Году в 1924, я, заглянувший к Сафьяну по какому-то делу, попал к обеду, и Феня, налив мне тарелку борща, посадила отдельно в сторонке: Григорий не любил детей, называя их всех сопливыми. Для начала Феня принесла ахтарскому Лукуллу грамм 400 жирной свинины, извлеченной из борща, которую тот и отправил внутрь объемистого стотридцатикилограммового организма. За мясом последовала полная с краями миска наваристого борща и такая же пшенной каши, залитой молоком. Пиршество завершили две объемистых кружки вишневого компота. И это был сравнительно скромный обед — хотя и составил по примерному весу более трех килограммов.

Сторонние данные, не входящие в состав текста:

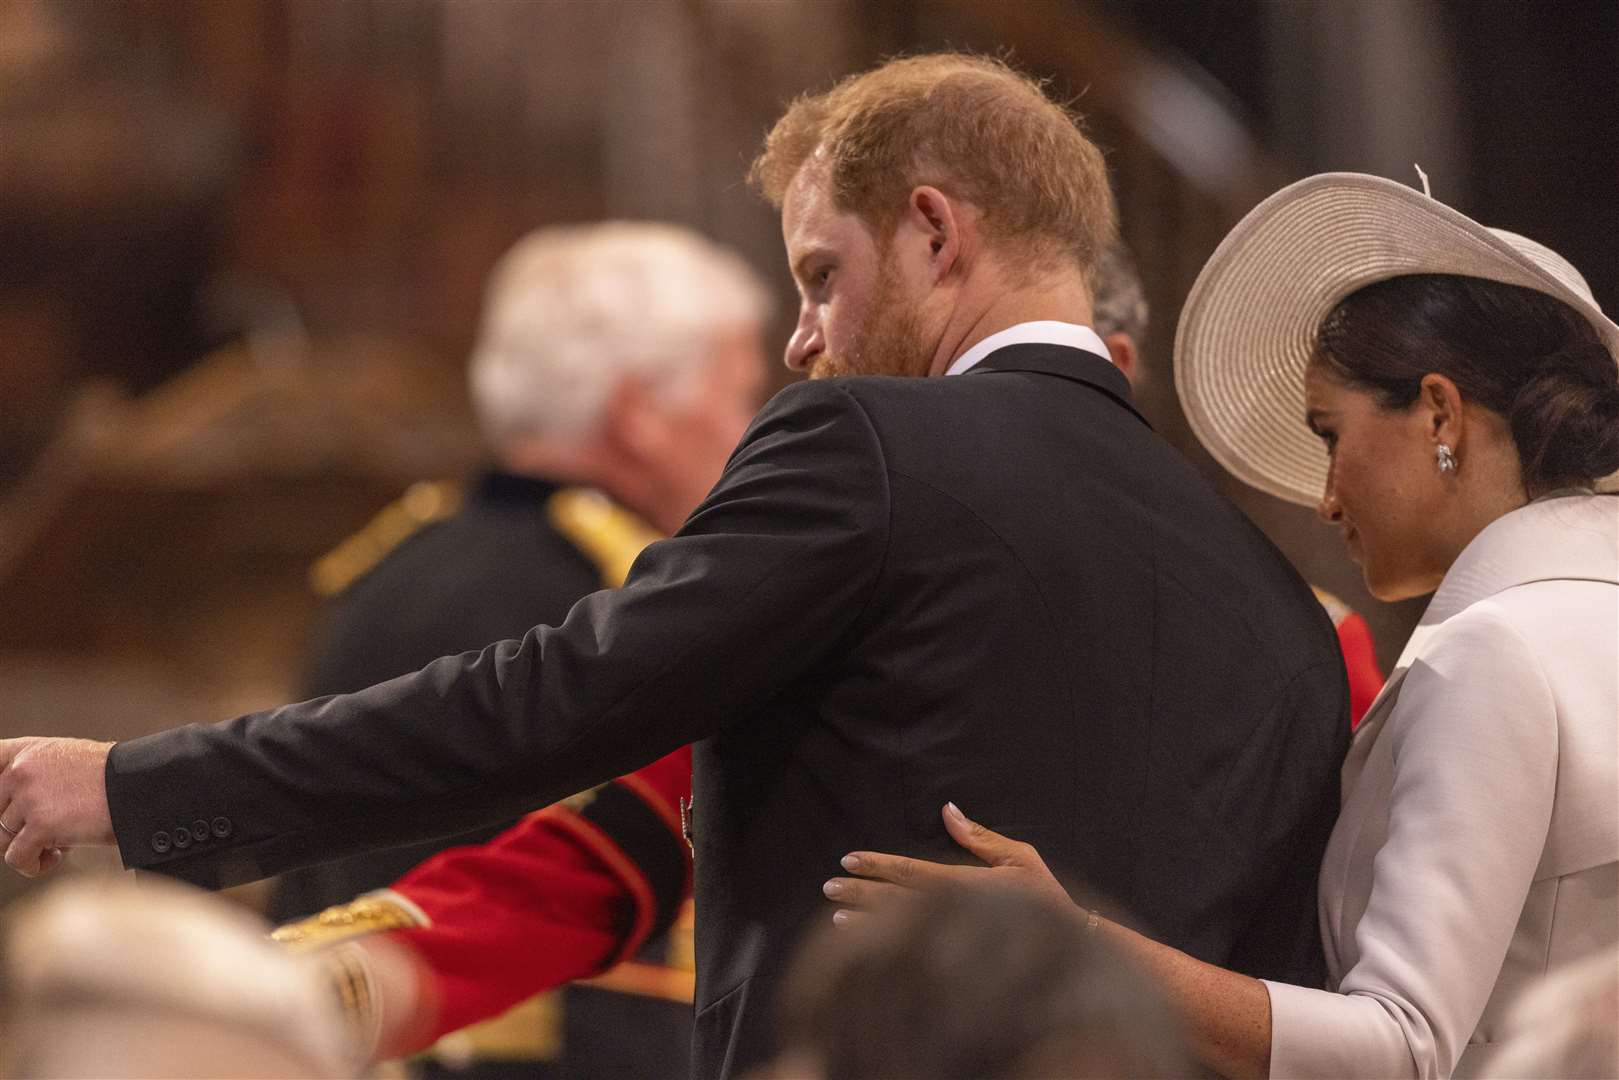 Meghan with her hand on Harry’s back (Ian Vogler/Daily Mirror/PA)

Еще Сафьян любил побаловаться десятком-другим-третьим вареников, плавающих в масле, фунтом икорки или пятком жирных рыбцов перед обедом, орошая эту «закуску» добрым стаканом водки. После обеда Сафьян ложился продавливать кровать и храпел громко с руладным посвистом и захлебыванием.

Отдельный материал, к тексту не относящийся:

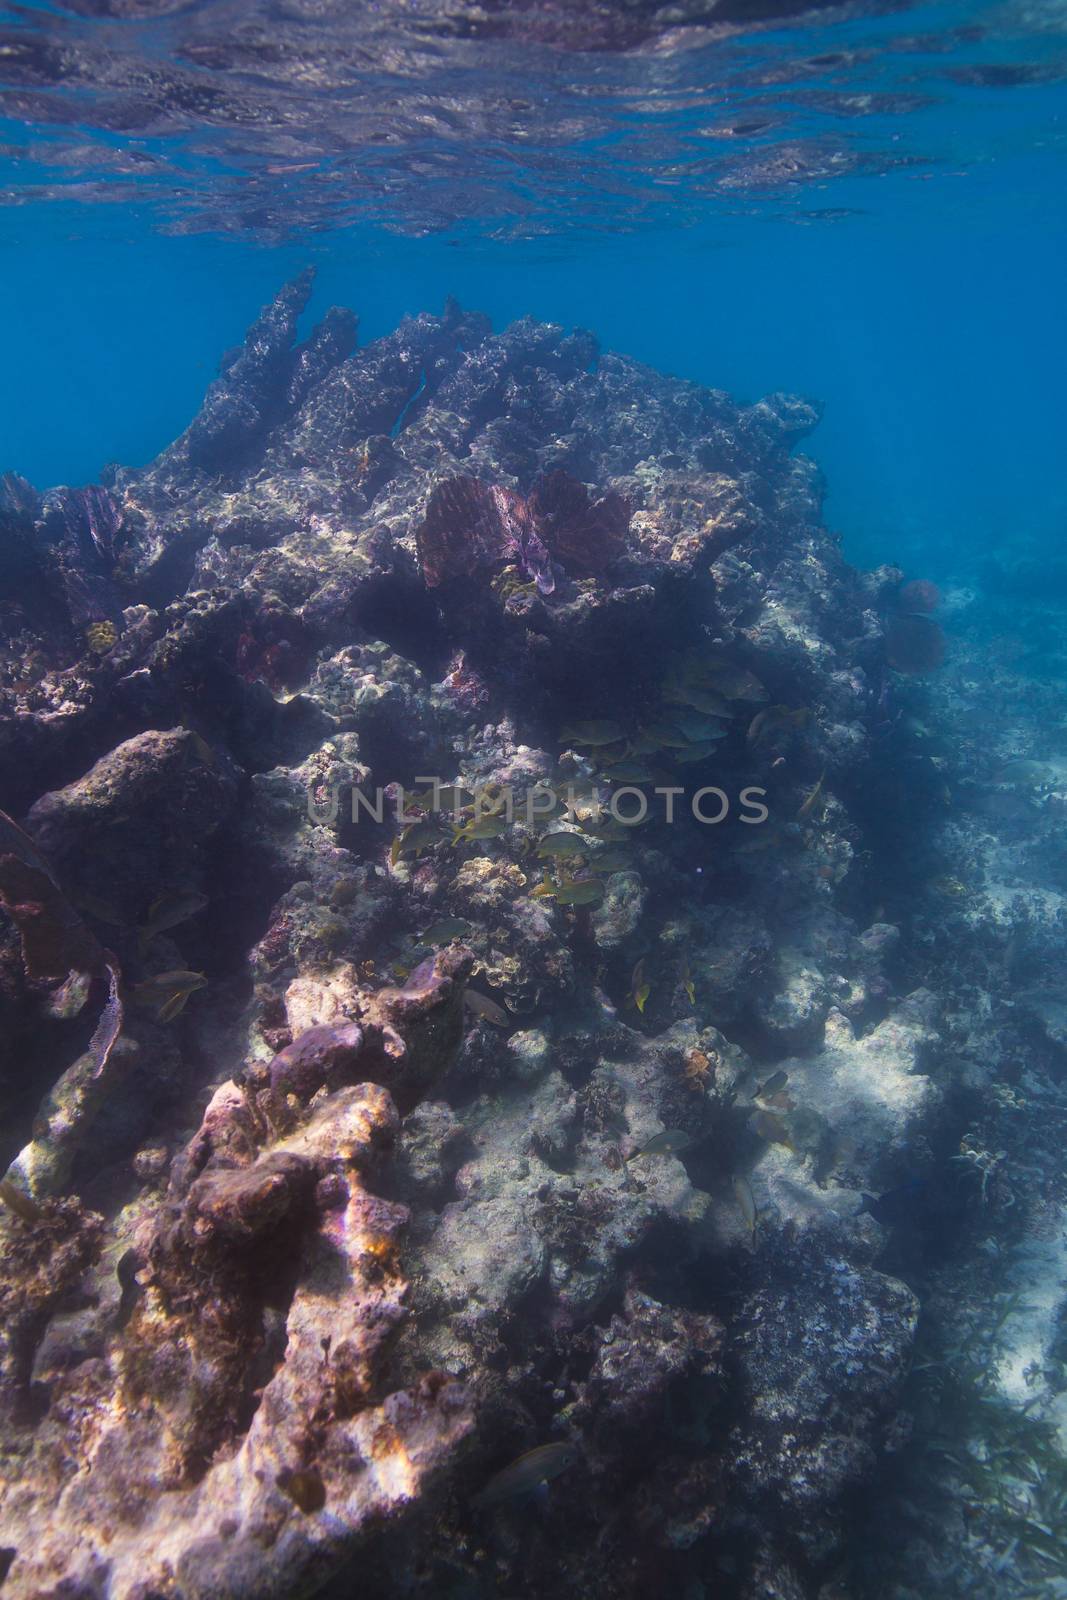 Large school of french grunt hidding under a coral mountain

После революции до самой смерти он нигде не работал, но жил припеваючи, на старых запасах и мелкой частной коммерции: втихаря продавал золотишко, скопленное за время деятельности артельщиком, молол зерно на муку, приторговывал отборной рыбой, которую скупал у рыбаков. И у этого человека-слона в прямой зависимости оказалась семья погибшего красноармейца, моего отца. Впрочем, проку от него для нас не было никакого. Помню, как дядька Григорий Сафьян жаловался на людскую неблагодарность: когда-то кто-то сообщил ему, что рабочий, у которого Сафьян побывал с визитом, жалуется, что он не помог ему, как тот просил, зато опил и обожрал. Особенно возмутило дядьку последнее обвинение. Он хмыкал и оттягивал назад оплывшие щеки в удивленной гримасе, говоря: «А що я там зъив: фунт икры, и выпыв два стакана водки? Хиба то йив, хиба то пыв? Там не було чого исты». Как и почти все кубанцы, особенно украинского происхождения, он говорил на бесподобном воляпуке или суржике: мешая совершенно произвольно русские слова с украинскими, грассируя согласными и проглатывая гласные.